Task goal:
Each line below must be reproduced exactly as it stands. Pictures stay out of the copy.

Recorded data:
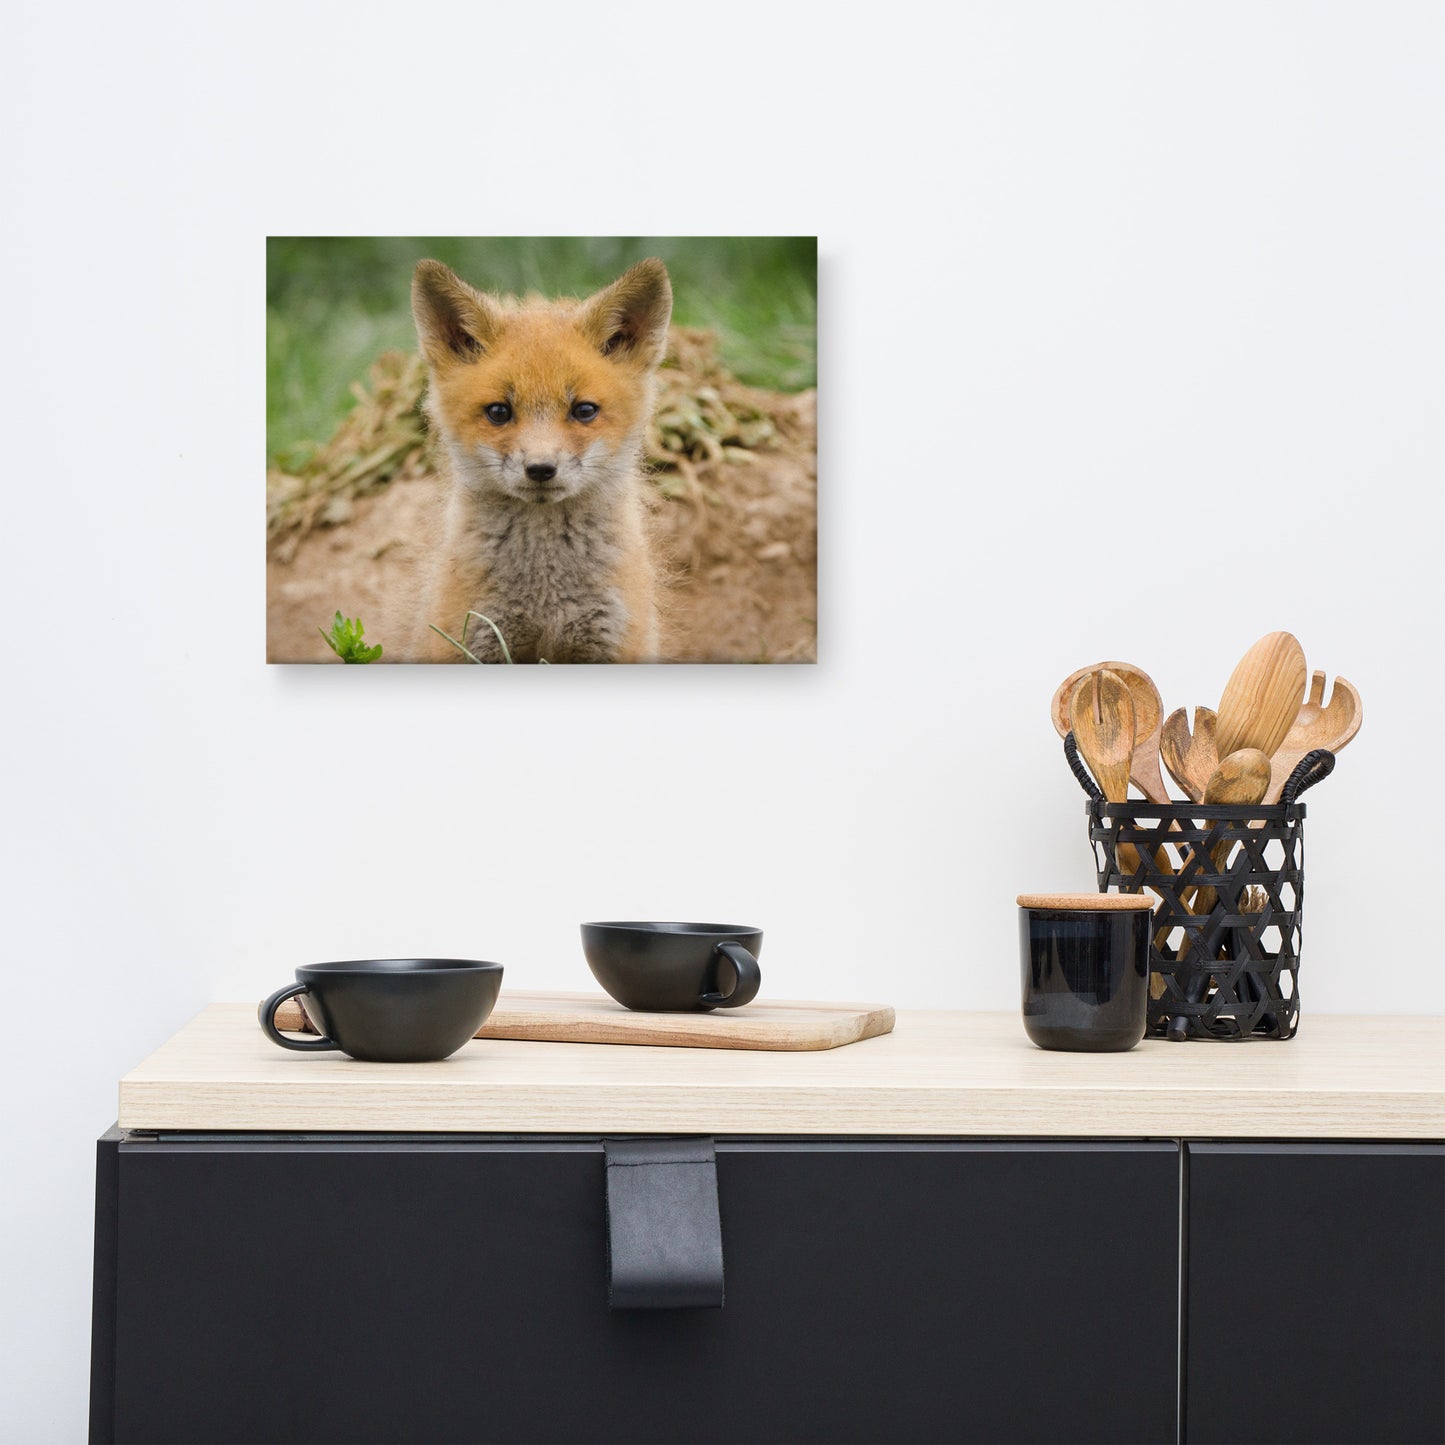 Modern Wall Art Dining Room: Young Red Fox Kit Popping Out of Den- Wildlife / Animal / Nature Photograph Canvas Wall Art Print - Artwork
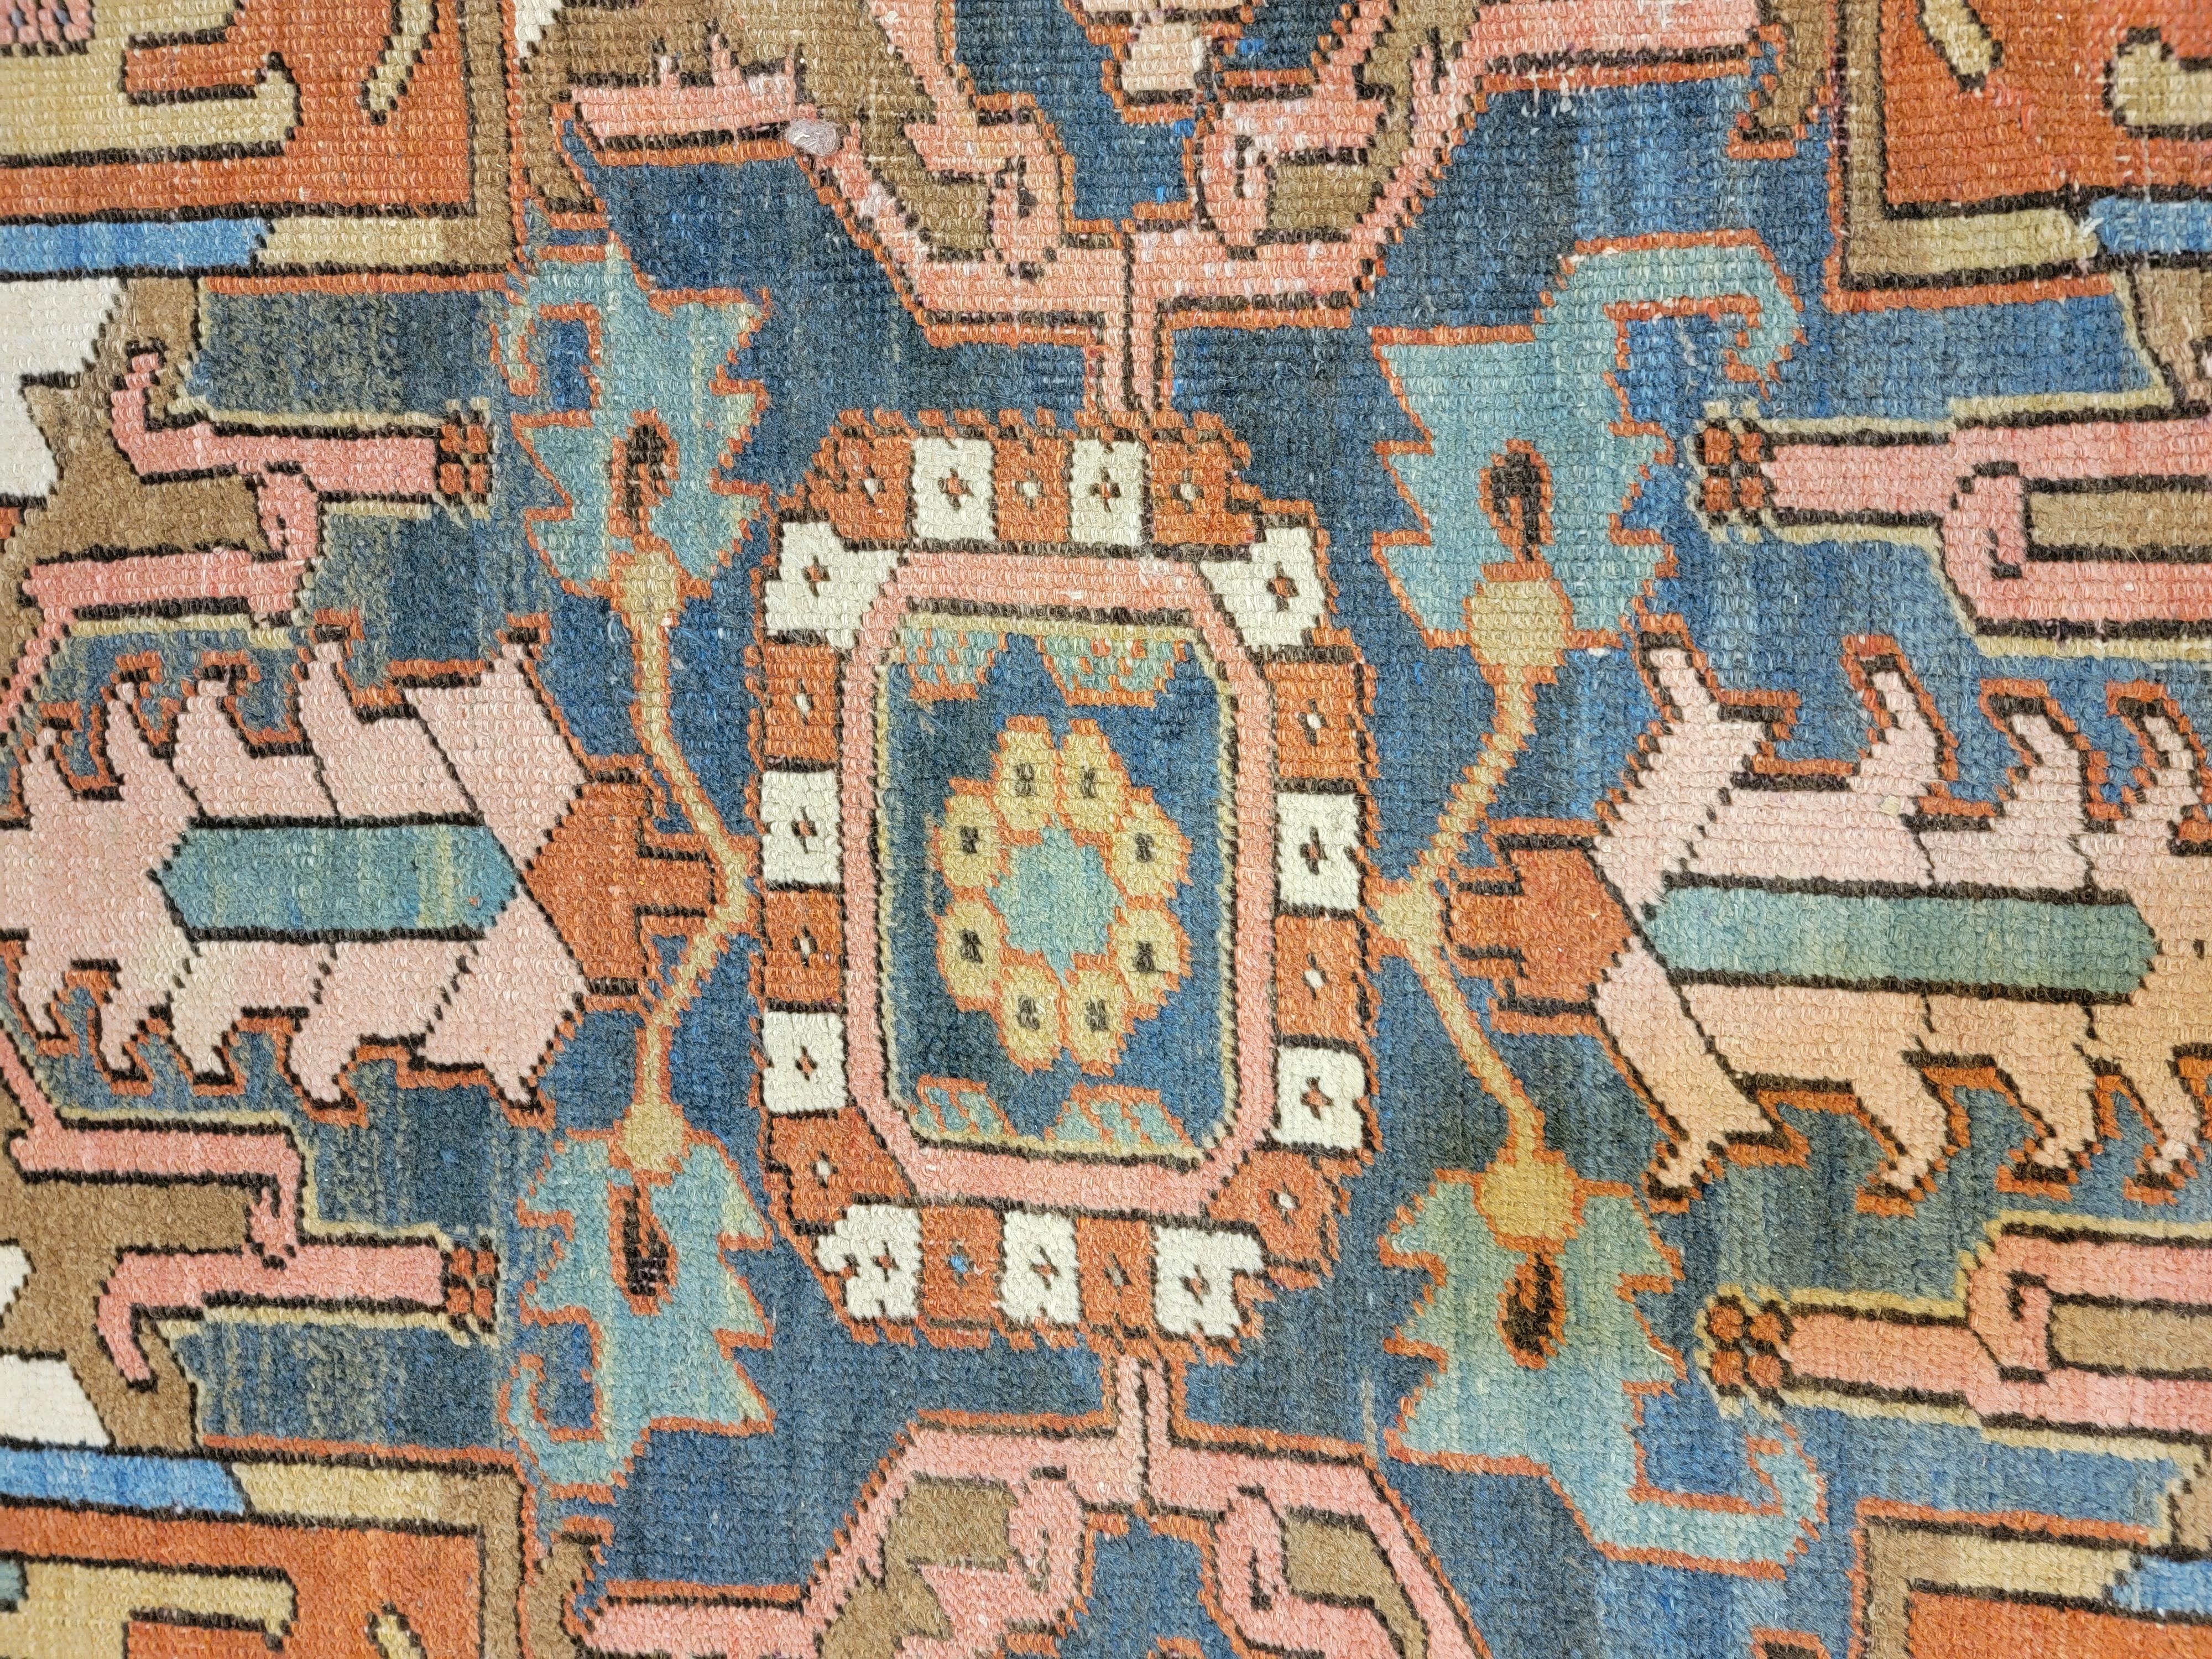 Absolutely Unique and rare 100 year Persian Serapi Rug with an Ivory background. Original Serapi design.
Age apparent patina, well distributed different color percentages of the whole, no dominant color.

Size: 9'8

Written answer:
 Modern Wall Art Dining Room: Young Red Fox Kit Popping Out of Den- Wildlife / Animal / Nature Photograph Canvas Wall Art Print - Artwork
 Absolutely Unique and rare 100 year Persian Serapi Rug with an Ivory background. Original Serapi design.
Age apparent patina, well distributed different color percentages of the whole, no dominant color.

Size: 9'8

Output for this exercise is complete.